A similar relationship was observed when analysing AST activity in the collected perfusates (Figure 2). The maximum aspartate aminotransferase activity was observed in the Biolasol + Cu2+ + PRL group after a time of 48 h 30 min (activity increase of 349% versus Biolasol, p < 0.01). Biolasol fluid modified with copper resulted in an increase in AST activity after time: 2 h renal storage (56% versus Biolasol, p < 0.05), 2 h 30 min perfusion (12% versus Biolasol, p = ns) and 48 h 30 min (41% versus Biolasol, p < 0.01).
LDH activity was also significantly increased in the Biolasol + Cu2+ + PRL group (Figure 3). The activity level of this indicator increased in perfusates taken at certain time points, respectively: 2 h—B3 group versus A group increased by 123% (p < 0.01); 48 h—B3 group versus A group increased by 43% (p < 0.05); 48 h 30 min—B3 group versus A group increased by 63% (p < 0.05). At 2 h 30 min, the LDH activity in the B3 group was similar to the level of the marker in the control group (p = ns). The addition of copper to Biolasol fluid significantly affected lactate dehydrogenase efflux from cells: 2 h—B2 group versus A group increased by 49% (p < 0.05); 48 h—B2 group versus A group increased by 25% (p < 0.05); 48 h 30 min—B3 group versus A group increased by 40% (p = ns). The presence of copper in the system, Cu2+ + prolactin or Cu2+ in the composition of Biolasol, adversely affects the integrity of the mitochondrial and cytoplasmic membranes of cells.
Figure 4 shows the results of urea determination. The lowest concentration of this marker was determined in the Biolasol + Cu2+ + PRL perfusates.

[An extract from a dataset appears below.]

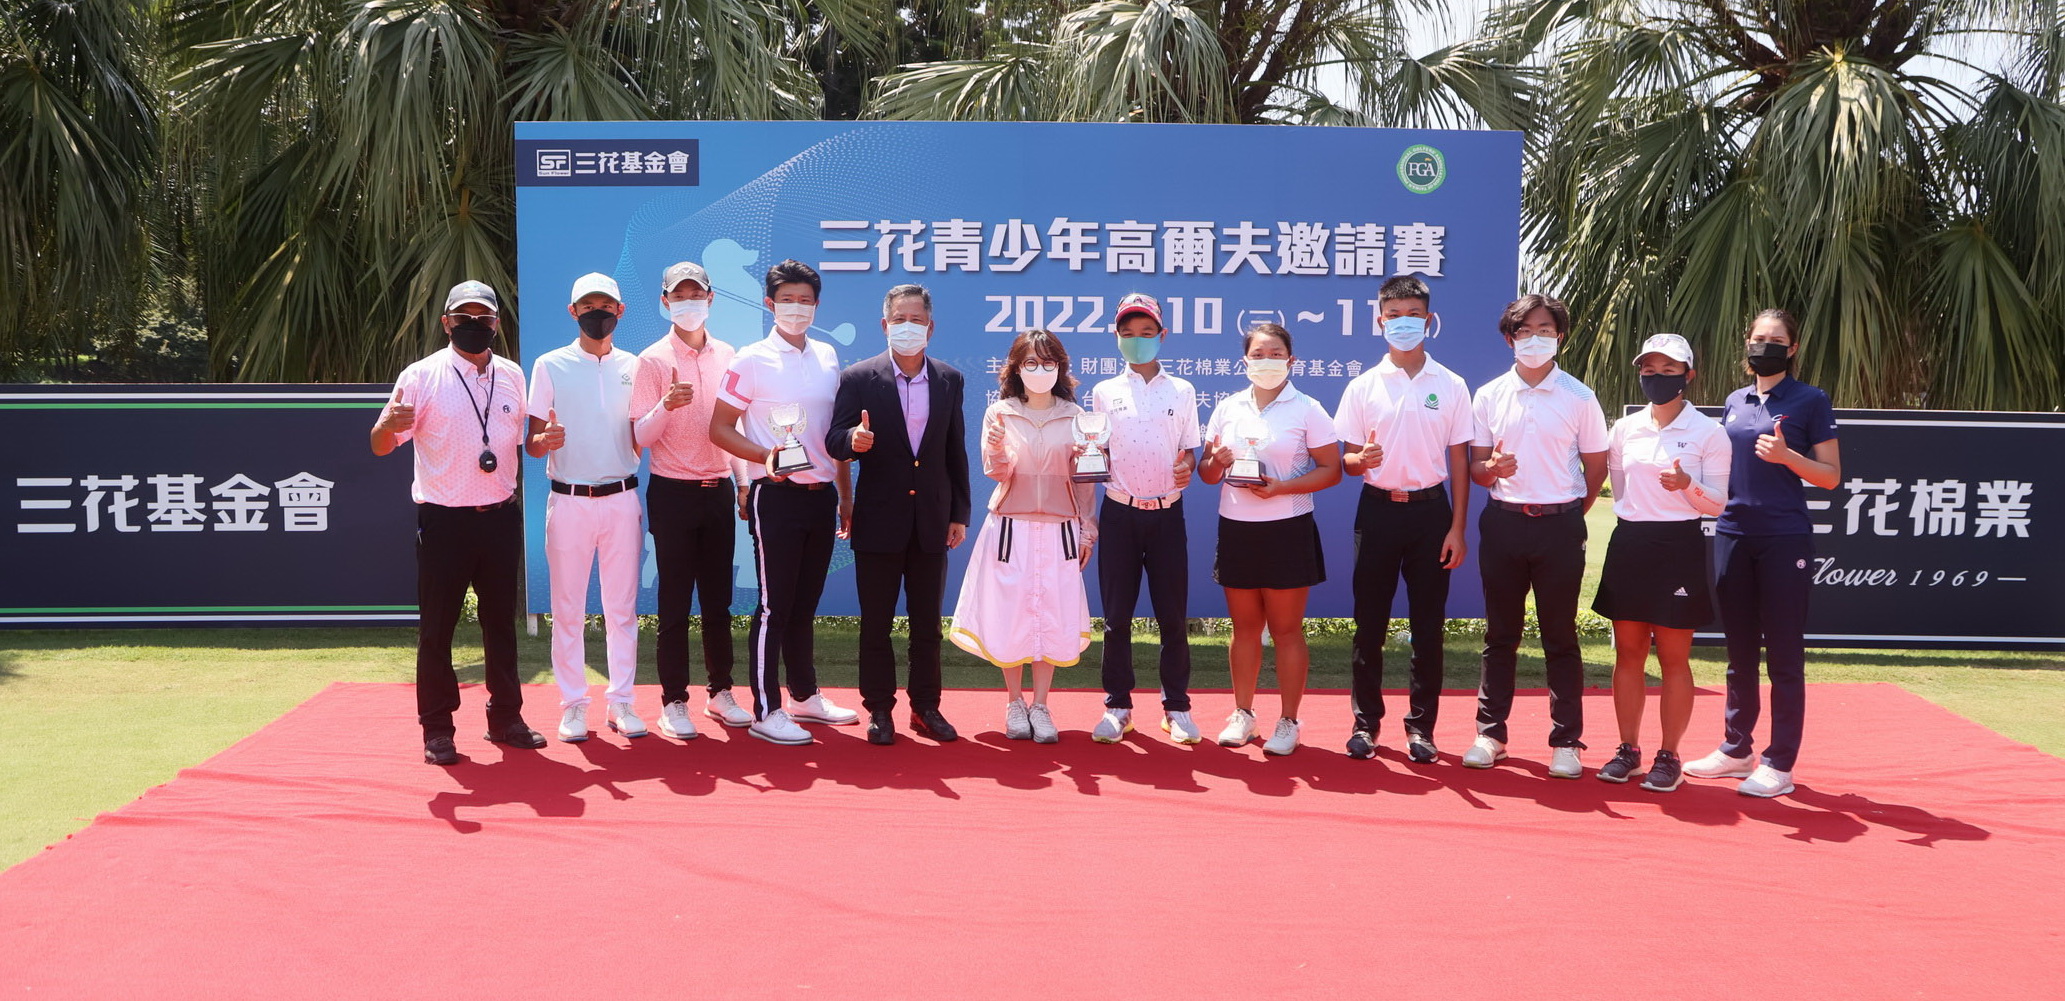 三花基金會執行長施貞菲(左六)和台北高爾夫俱樂部董事長林於豹(左五)和各組前三名選手合影。鍾豐榮攝影

Its concentration was correspondingly lower in the following groups: 2 h—B3 group versus A group decreased by 33% (p < 0.05); 2 h 30 min—B3 group versus A group decreased by 60% (p < 0.05); 48 h—B3 group versus A group decreased by 45% (p < 0.05); 48 h 30 min—B3 group versus A group decreased by 76% (p < 0.05). The addition of copper to the Biolasol formulation had a statistically significant effect on the increase in urea concentration. A markedly increased concentration of this indicator was found as early as 2 h into renal preservation (B3 group versus A group increased by 112%, p < 0.05), which was maintained throughout the period of perfusion and graft preservation: 2 h 30 min—B3 group versus A group increased by 68% (p < 0.05); 48 h—B3 group versus A group increased by 327% (p < 0.05); 48 h 30 min—B3 group versus A group increased by 132% (p < 0.05). The presence of copper in the system, Cu2+ + prolactin or Cu2+ in the Biolasol formulation, has a negative effect on graft filtration.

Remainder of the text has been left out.